3 - O Viagra deveria ser um medicamento para o coração. Mostrou-se 



ineficaz. No entanto, os investiga­dores estranharam que as cobaias masculinas não queriam parar de o tomar…

O acaso é uma fonte inesgotável de ideias criativas. Para o aproveitar teremos de ser humildes e estar atentos. Só aqueles que quiserem e lhe derem a oportunidade é que vão vê-lo. 


Como disse Louis Pasteur, «o acaso só favorece os espíritos preparados». 


Três comportamentos que favorecem a ocorrência de serendipidade:

Interesse – Queira entender e explorar os eventos inesperados, em vez de simplesmente os descartar como inoportunos. Evite julgamentos apressados e prematuros e considere-os oportunidades.

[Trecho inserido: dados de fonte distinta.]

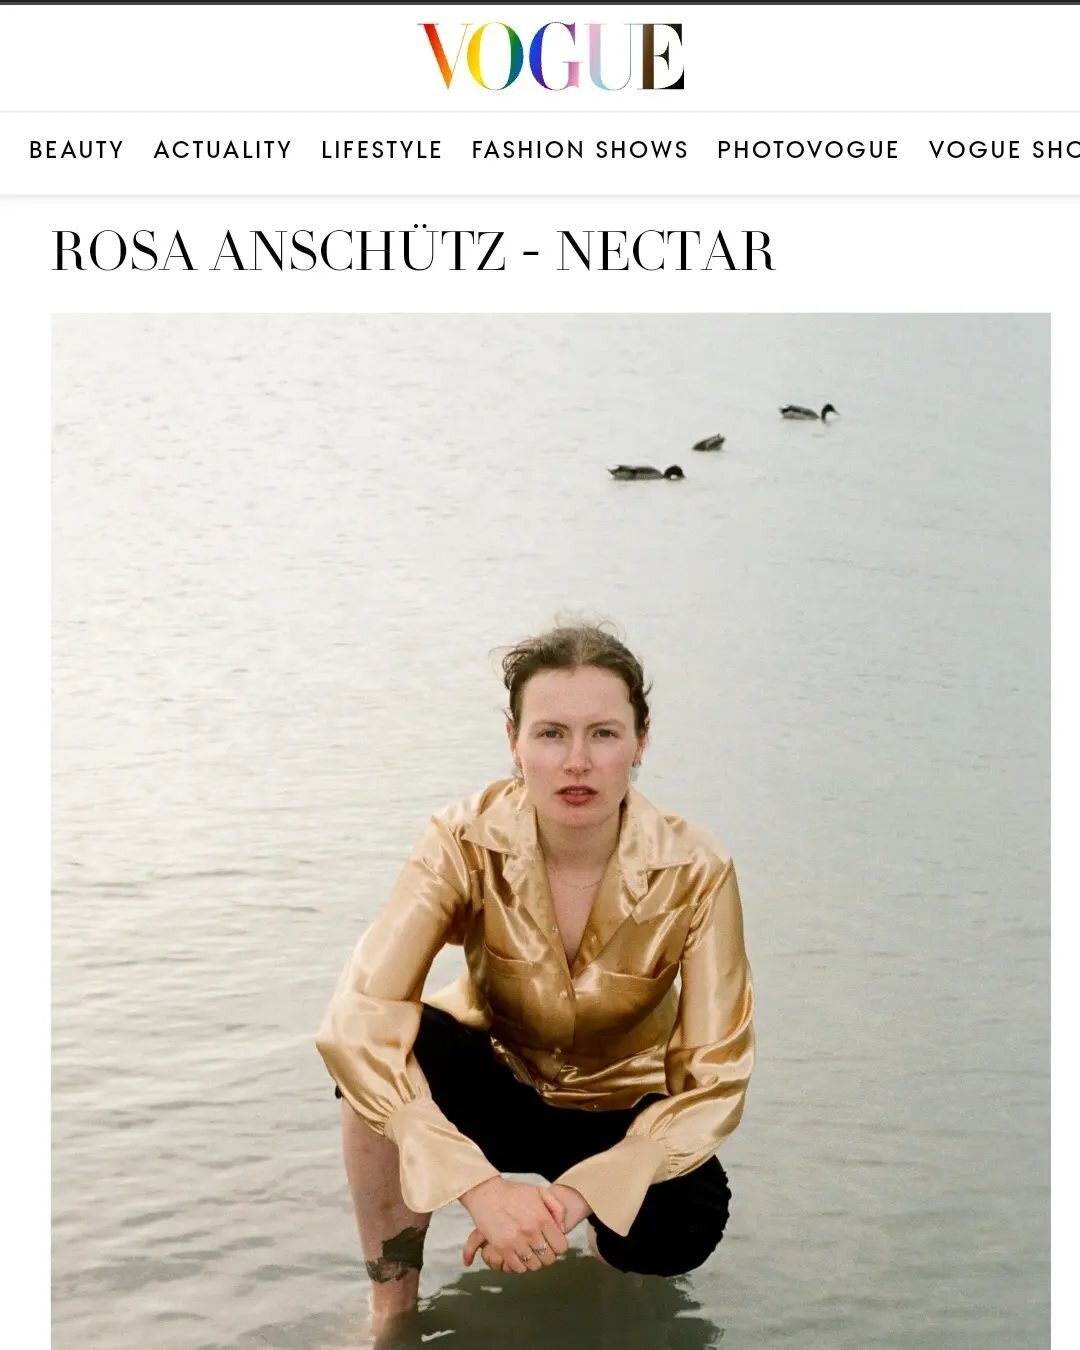 🪄🪄 Rosa Ansch&uuml;tz @rosaanschuetz Interview with VOGUE ITALIA 🇮🇹 with her new track &quot;Nectar&quot; &amp; music video ✨👌🏻

(published in Italian) https://www.vogue.it/news/article/musica-estate-2022-singoli-nuovi-album-da-ascoltare

Conhecimento – Para poder aproveitar as oportunidades do acaso, deverá fazer estudos cuidadosos e intensivos na área que escolheu para criar, pois de outra forma não entenderá a relevância do que surgir e as suas potenciais consequências.

Permita o inesperado – Não fique refém da eficácia, vá por caminhos que ainda não explorou e deixe-se ser surpreendido. Aproveite a excitação que o acaso provoca.


«A natureza programou-nos para aproveitarmos as oportunidades inesperadas. É por isso que as surpresas e as expectativas incertas colocam o cérebro num estado de excitação que subjetivamente sentimos como um estado de prazer», diz o neurocientista alemão Stefan


Klein no seu belo livro “Como o acaso comanda as nossas vidas.” E aconselha: «Vale a pena organizar a nossa vida de modo a conceder mais espaço ao acaso. O que mais nos impede de o fazer é, frequentemente, para além do receio perante o desconhecido, a caça ao proveito mais evidente: não queremos esbanjar tempo e energia com pessoas e coisas das quais pouco esperamos. Naturalmente faz todo o sentido que não dispersemos, mas quem exagerar na sua tentativa de maximizar a eficiência desaproveita inúmeras oportunidades. Facilmente nos esquecemos de que apenas podemos calcular o valor daquilo que já conhecemos. Quem considera desinteressante uma experiência que nunca fez ou uma pessoa que pouco conhece pode ter razão...ou não».




Às vezes, pequenas portas dão para grandes salas!